Significant brainstem dysfunction in neonates with myelomeningoceles: a comparison of prenatal versus postnatal closure.

OBJECTIVE: The purpose of this study was to compare the incidence of significant brainstem dysfunction (SBD) in neonates with myelomeningocele who have been treated with prenatal versus postnatal closure at a single institution. METHODS: The records and imaging of all children undergoing either prenatal (n = 27) or postnatal (n = 60) closure of myelomeningocele at the authors' institution from December 2014 through May 2021 were reviewed. SBD, fetal ventricular size, gestational age at fetal imaging and delivery, postnatal ventricular size, need for and type of hydrocephalus treatment, spinal neurological level at birth, anatomical Chiari severity, death, and prenatal or postnatal repair were factors recorded. SBD was defined by need for airway surgery or gastrostomy tube, or endotracheal intubation because of apnea, aspiration, or airway control problems. Comparisons between prenatal and postnatal cohorts and between the cohorts with and without SBD were performed. RESULTS: SBD occurred in 25% and 0% of neonates who underwent postnatal and prenatal closure, respectively. There were no differences in fetal ventricular size or spinal neurological level between the prenatal and postnatal cohorts or between those with or without SBD. Anatomical severity of the Chiari malformation after birth was worse in the postnatal cohort. Hydrocephalus treatment was required in 70% and 33% of infants who underwent postnatal and prenatal closure, respectively. All three deaths were in the postnatal group from SBD. CONCLUSIONS: Prenatal closure of myelomeningocele is associated with a significant reduction in SBD.

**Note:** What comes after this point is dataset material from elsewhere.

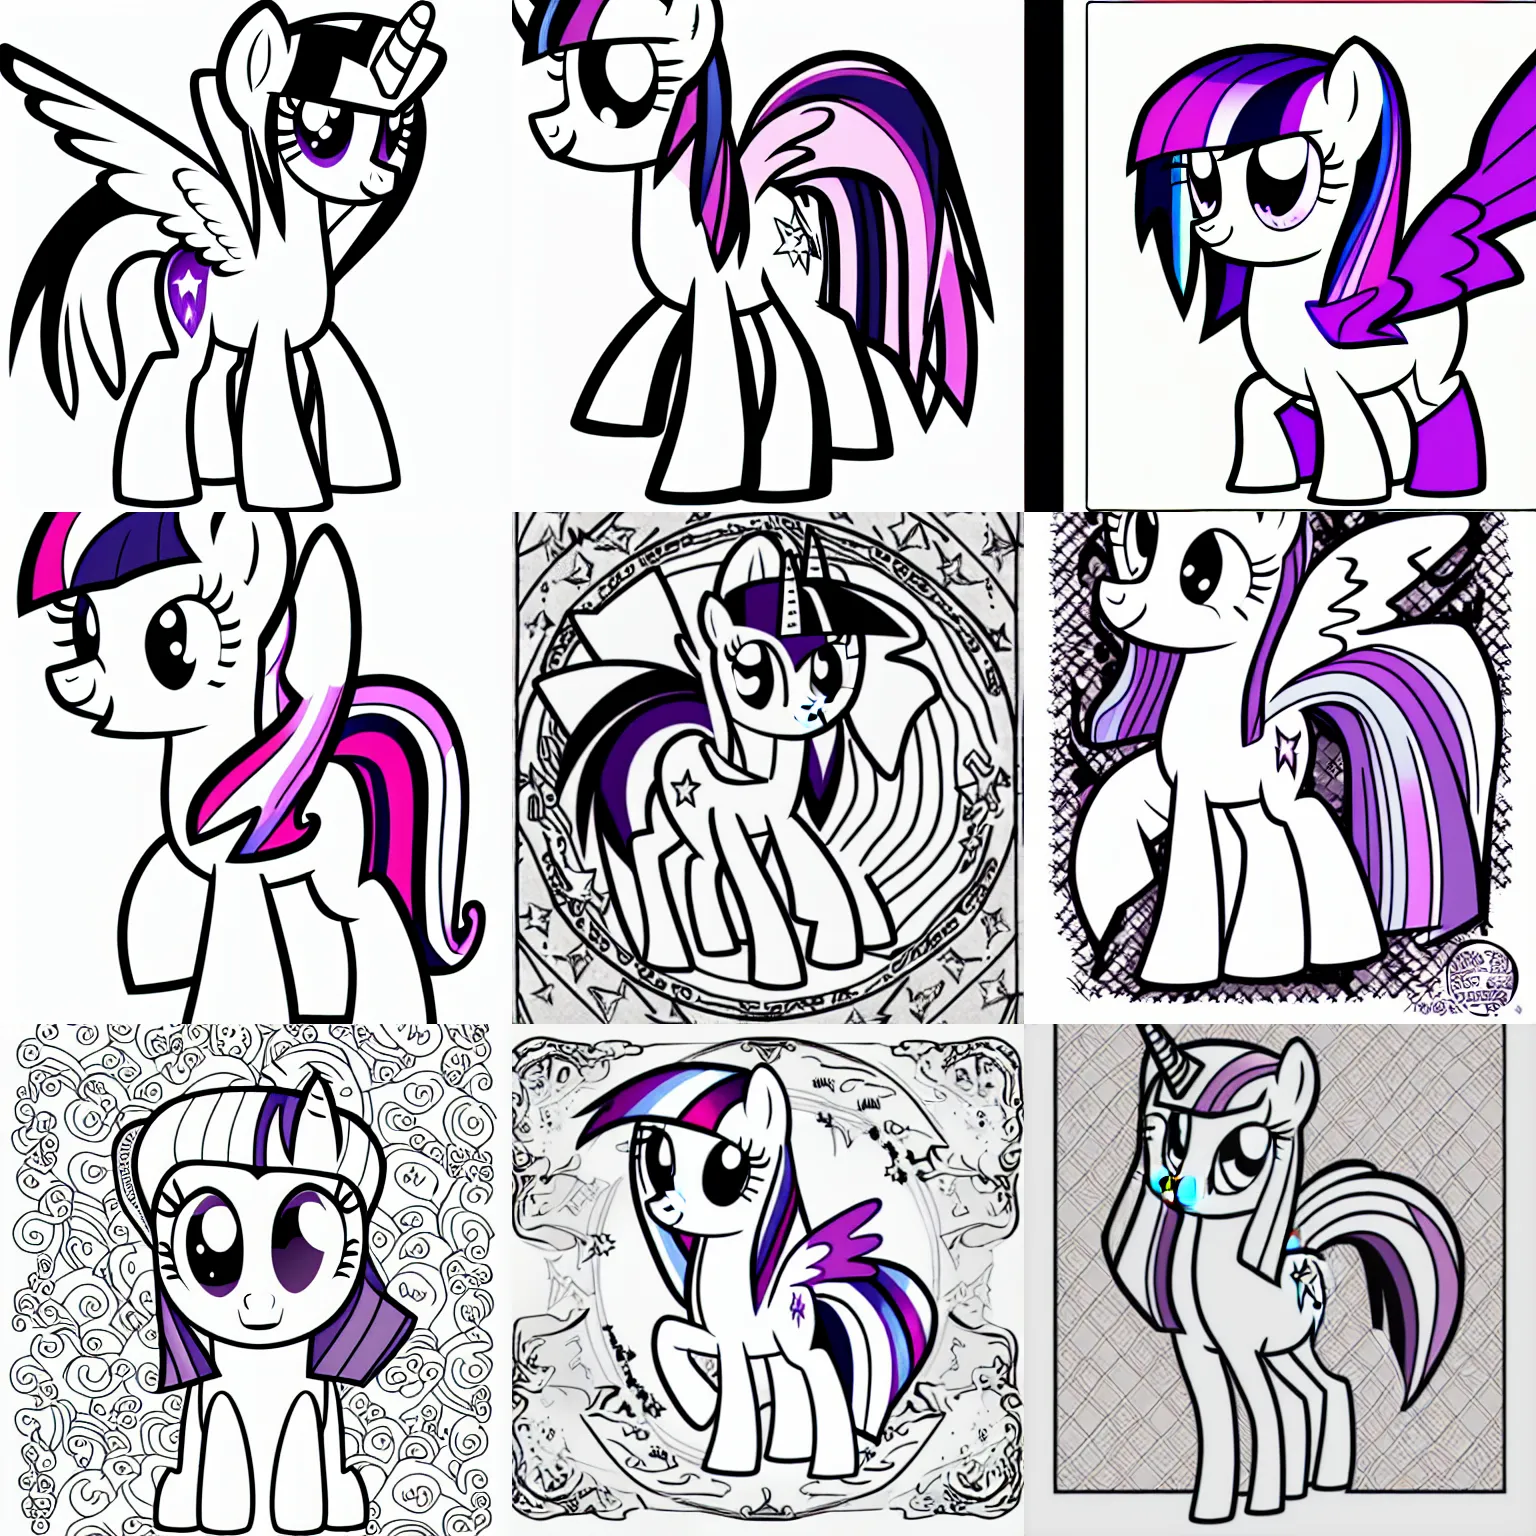 Prompt: Twilight Sparkle from My Little Pony: Friendship is Magic, uncolored black and white page from a coloring book

Ventricular size measurement methods in fetuses considered for prenatal closure of myelomeningocele.

OBJECTIVE: Prenatal closure of myelomeningocele is associated with a reduced rate of hydrocephalus treatment. This need for hydrocephalus treatment is positively correlated with fetal ventricular width. When ventricular width is 15 mm or greater, the benefits of prenatal closure, as a method to decrease hydrocephalus treatment, are reduced. Thus, fetal ventricular size is an important factor when counseling families who are considering intrauterine surgery with mitigation of hydrocephalus as the primary goal. This study sought to determine whether imaging modality (ultrasound [US] vs MRI) and interobserver variability were factors in any ventricular size disparity seen on imaging studies. METHODS: The imaging studies of 15 consecutive fetuses who underwent prenatal myelomeningocele repair at Children's Mercy Fetal Health Center, Kansas City, Missouri, were reviewed. All fetuses were imaged with US and fetal MRI; on average (range), procedures were performed 3.8 (0-20) days apart. Three comparisons were performed to analyze interobserver and intermodality variability in ventricular width measurements: 1) retrospective comparison of dictated ventricular widths measured with MRI and US by pediatric radiologists (PRs) and maternal-fetal medicine specialists (MFMs), respectively; 2) blinded measurements obtained with US by PRs versus initial US-based measurements by MFMs, and blinded measurements obtained with MRI by PRs versus initial MRI-based measurements by PRs; and 3) blinded measurements obtained with MRI by PRs versus those obtained with US. RESULTS: Retrospective comparison showed that measurements with MRI by PRs were on average 2.06 mm (95% CI 1.43-2.69, p < 0.001) larger than measurements with US by MFMs. Blinded measurements with US by PRs were on average larger than dictated measurements obtained with US by MFMs, but by only 0.6 mm (95% CI 0.31-0.84, p < 0.001). When PRs measured ventricular size in a blinded fashion with both US and MRI, the mean width determined with MRI was significantly larger by 2.0 mm (95% CI 1.26-2.67, p < 0.0001). CONCLUSIONS: The ventricular width of these fetuses was larger when measured with MRI than US by an amount that could impact recommendations for fetal surgery. Every center involved in counseling families about the risks and benefits of fetal intervention for spina bifida needs to be aware of these possible imaging-based disparities.